APAN has supported the USDOD's program of "Endeavor" exercises: Pacific Endeavor, Africa Endeavor, and Combined Endeavor. These exercises have brought together military representatives from various nations in a region to practice communications in crisis scenarios. Hundreds of communications officers and technicians from around the globe have gathered annually for these events to practice communicating before a crisis strikes and to build relationships beyond cultural boundaries.

===== Combined Endeavor =====
Combined Endeavor, the largest command, control, communications and computer interoperability event in the world, used APAN to provide online collaboration for exercise planning and equipment management.
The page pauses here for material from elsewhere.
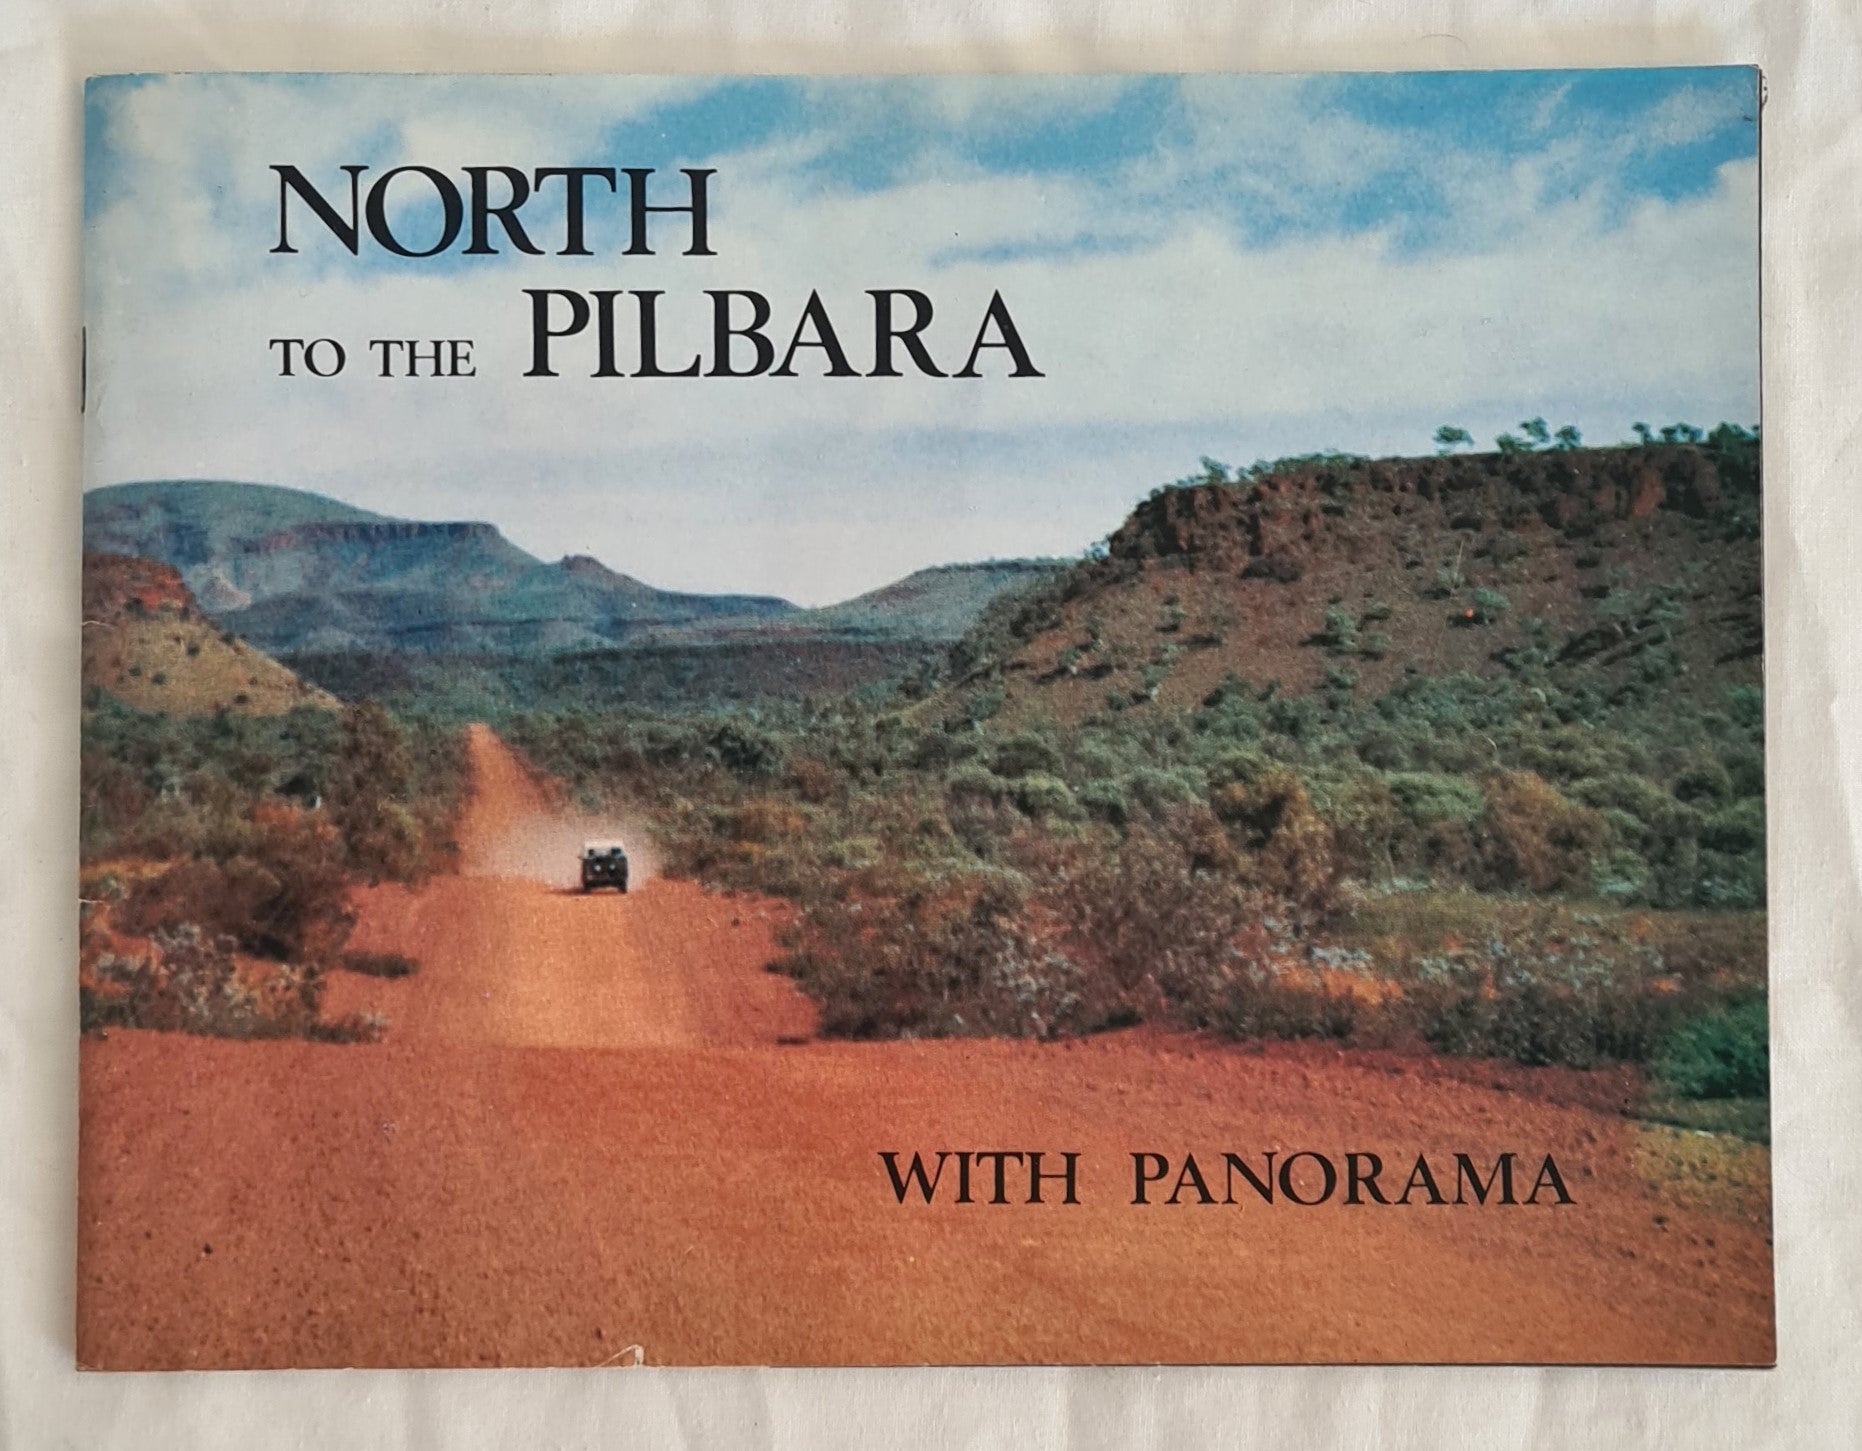 North to the Pilbara  With Panaroma  Produced by Jack Edmonds

===== Africa Endeavor =====
In 2010, for the first time ever, a direct communications link was established between the African Union and units in the field as part of the annual Africa Endeavor 2010 Exercise by using APAN, to allow international military and NGO groups to work together in a neutral online environment. Approximately 40 countries participate in bilingual crisis response exercises using English and French with approximately 1,000 members of the APAN community sharing pictures and files using translation functions that have supplemented the use of interpreters, which has expanded participants' ability to overcome language barriers.
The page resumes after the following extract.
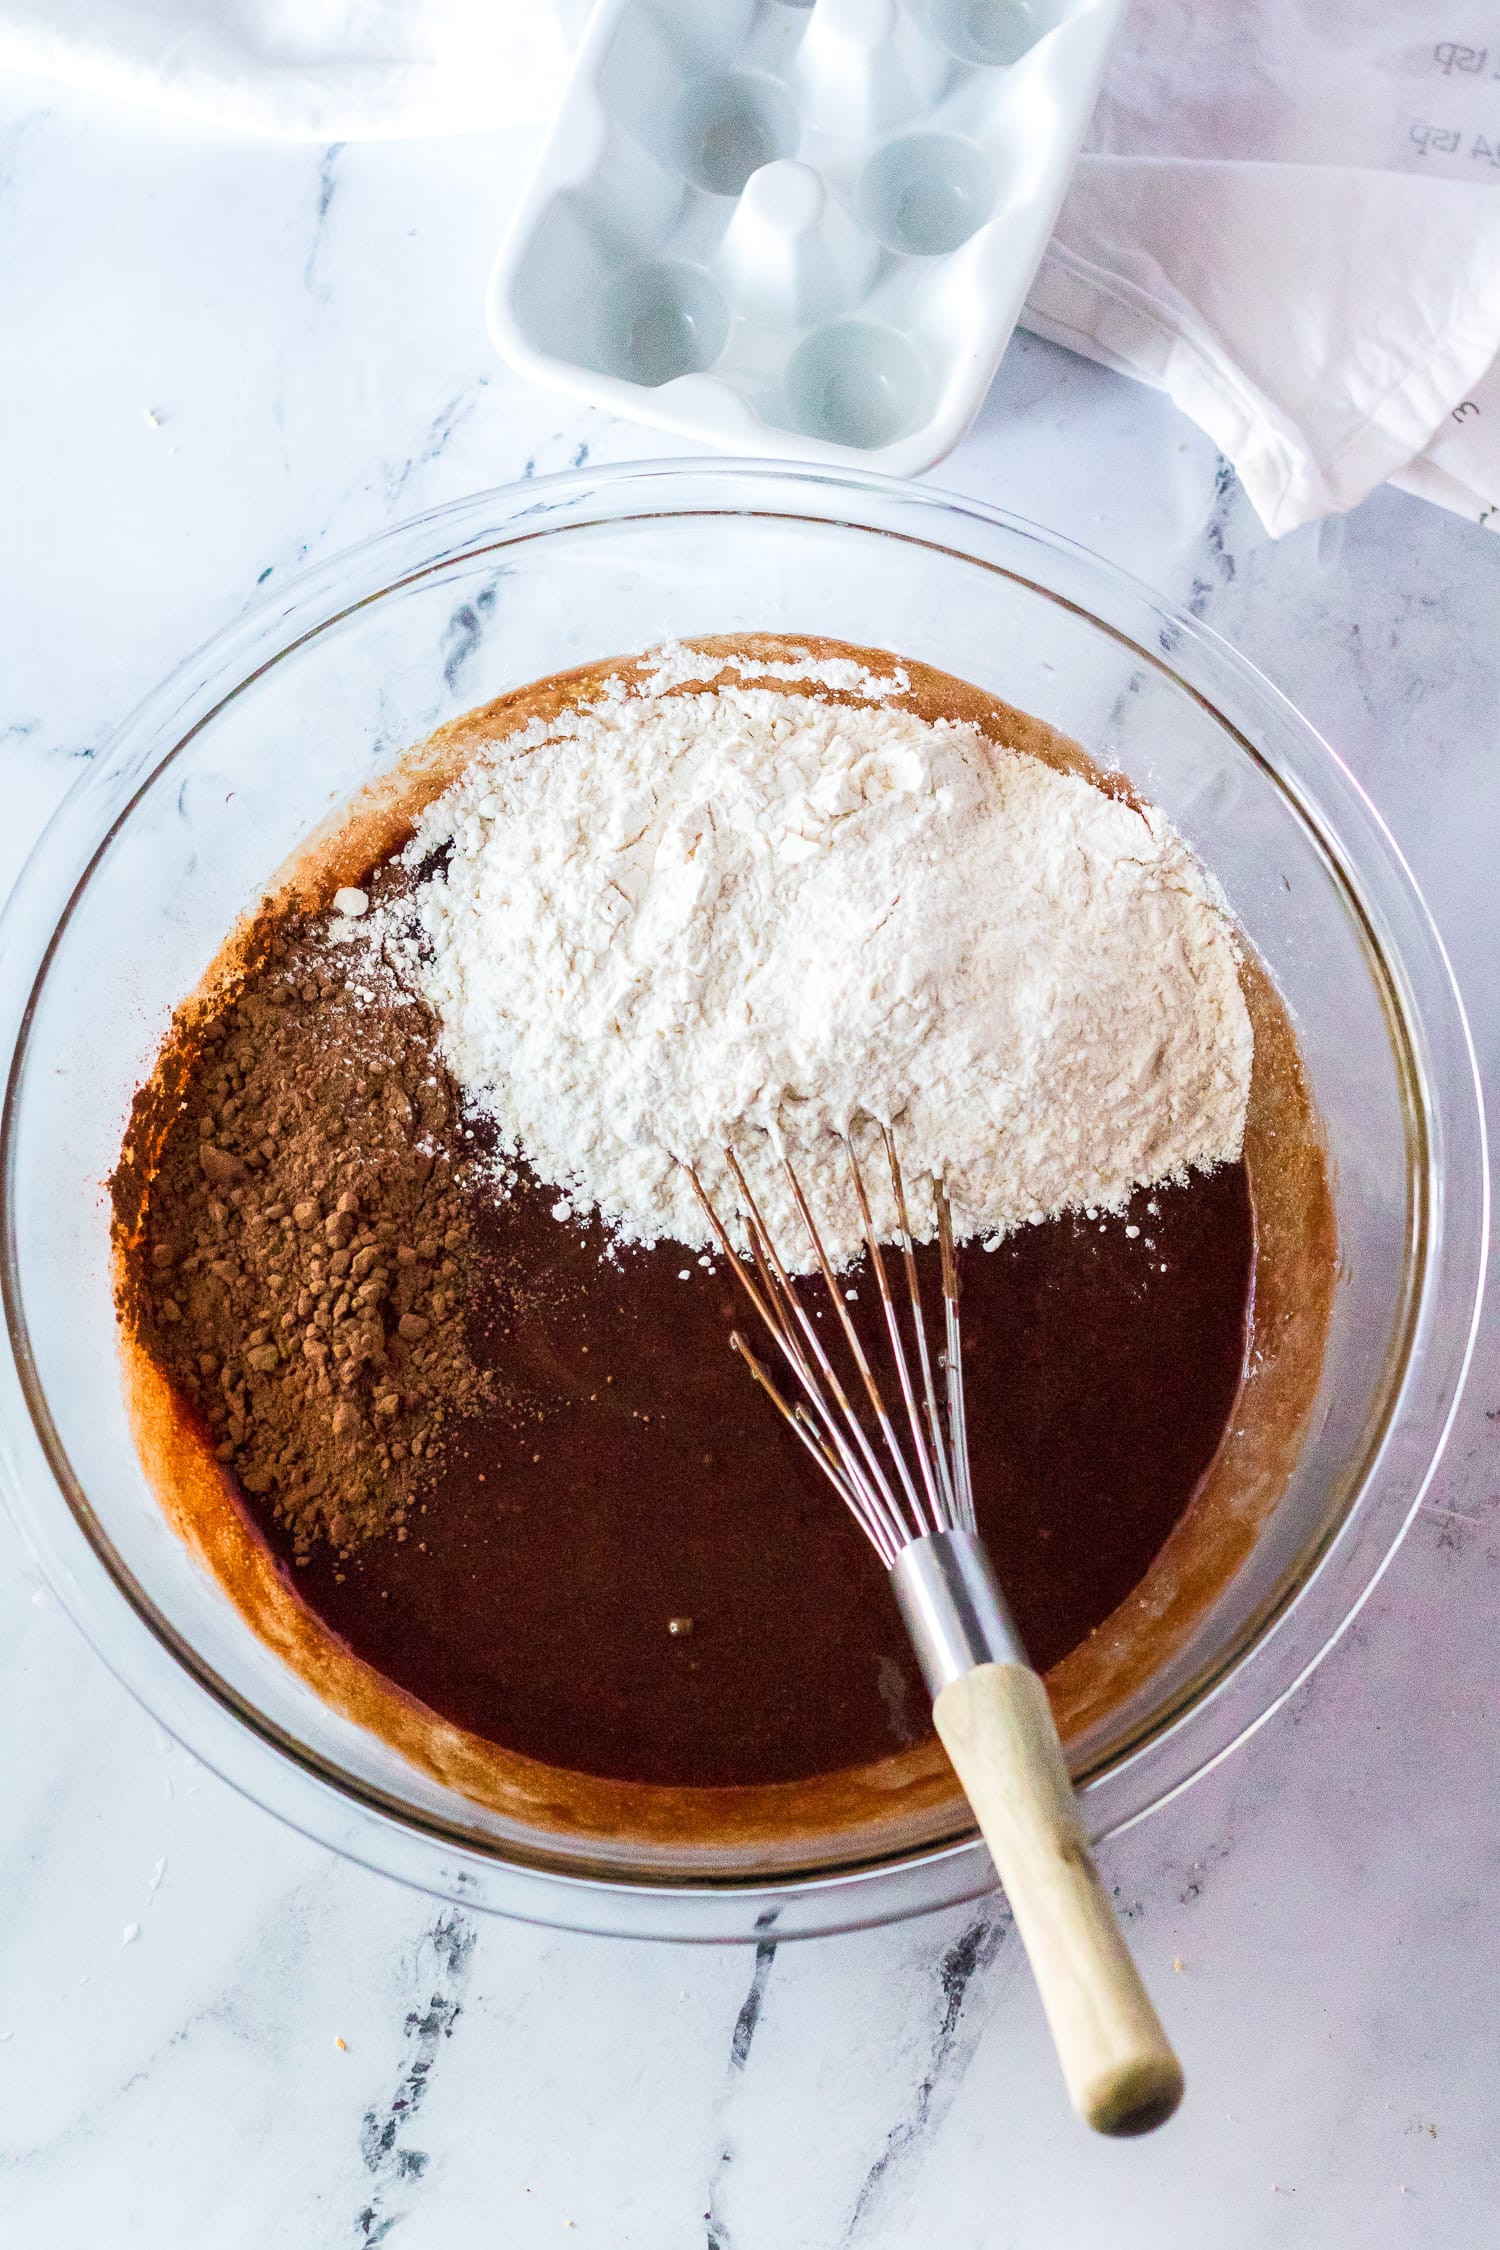 Stirring flour into brownie batter

===== Pacific Endeavor – Multinational Communications Interoperability Program (MCIP) =====
Since 2010, through USPACOM, MCIP has hosted Pacific Endeavor exercises that have brought together partner nation militaries and HADR experts from around the world to develop, test, and improve communication systems across the Pacific. MCIP has used APAN to promote humanitarian communication, for its planning workshops. The planning workshops assisted USPACOM partners and NGOs to plan communication procedures in the event of a natural disasters and to build partnerships. On August 19, 2014, part of an exercise performed through MCIP was for Nepalese amateur radio operators to report earthquake aftershocks to USPACOM using APAN. This practice proved successful as partners around the world knew how to communicate during the 2015 Nepal earthquake using the bulletin board established on APAN.

==== CJTF-HOA ====
In 2014, Combined Joint Task Force-Horn of Africa (CJTF-HOA) used APAN forums to conduct collaboration and sharing between scholars, government, NGOs and professionals around the world who were interested in East African Issues. The CJTF-HOA APAN community provided its members chat, file, sharing, geo-data, and translation for situation awareness and knowledge specific to the Horn of Africa.
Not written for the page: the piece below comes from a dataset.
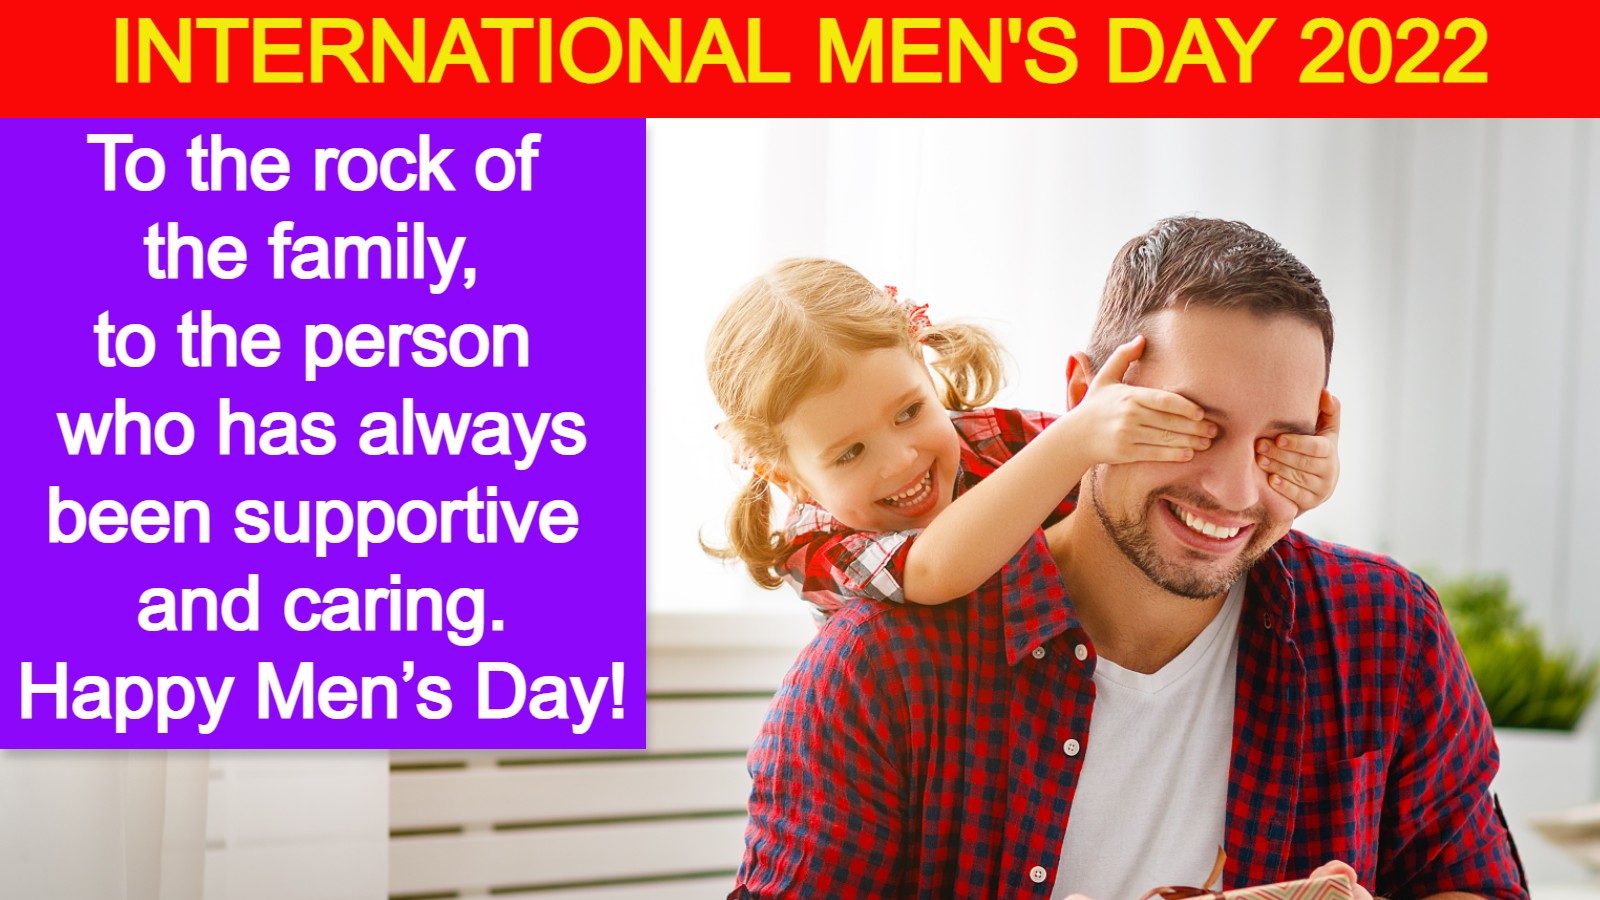 https://images.news18.com/ibnlive/uploads/2022/11/international-men-day-2022-gift-ideas-166874613016x9.jpg

==== 2015 Nepal earthquake ====
The 7.3 earthquake that shook Nepal damaged various radio antennae and Amateur Radio for emergency operations was down in Nepal and the surrounding area. The Army Military Auxiliary Radio System (MARS) gathered information and statistics on the earthquake and relayed messages around the world to other HAM operators and also posted the information on the NEPAL HADR APAN community of interest for those who were assisting to coordinate relief efforts.

=== Humanitarian Assistance and Disaster Relief (HADR) impacts ===

==== 2010 Haiti earthquake====
The 2010 Haiti earthquake was one of the world's deadliest national disasters. Shortly after the earthquake, surviving officials of the government of Haiti made urgent request for United States assistance. APAN was requested to assist as the primary communication hub for the Haiti earthquake relief efforts for unclassified, nonmilitary information sharing and collaboration. USSOUTHCOM established an APAN community of interest and within three weeks, APAN had more than 1,800 registered users supporting the relief efforts.

Imagery, maps, photos, assessments, situation reports, common operational picture reports, and requests for information were all made available on APAN to support the humanitarian assistance. From the information-management standpoint, the decision to keep the Haiti operations within the unclassified domain enabled information sharing across agencies.

A user on APAN posted, "Sacre Coeur Hospital in Milot, Haiti is appealing for patients. Need coordination to get helos to hospital." Two days later, the hospital reported going from 20 patients to 112 new patients with 12 helicopter landings and 17 foreign doctors assisting the patients; four days later the hospital expanded into a nearby school with 100 more patients with cots and equipment.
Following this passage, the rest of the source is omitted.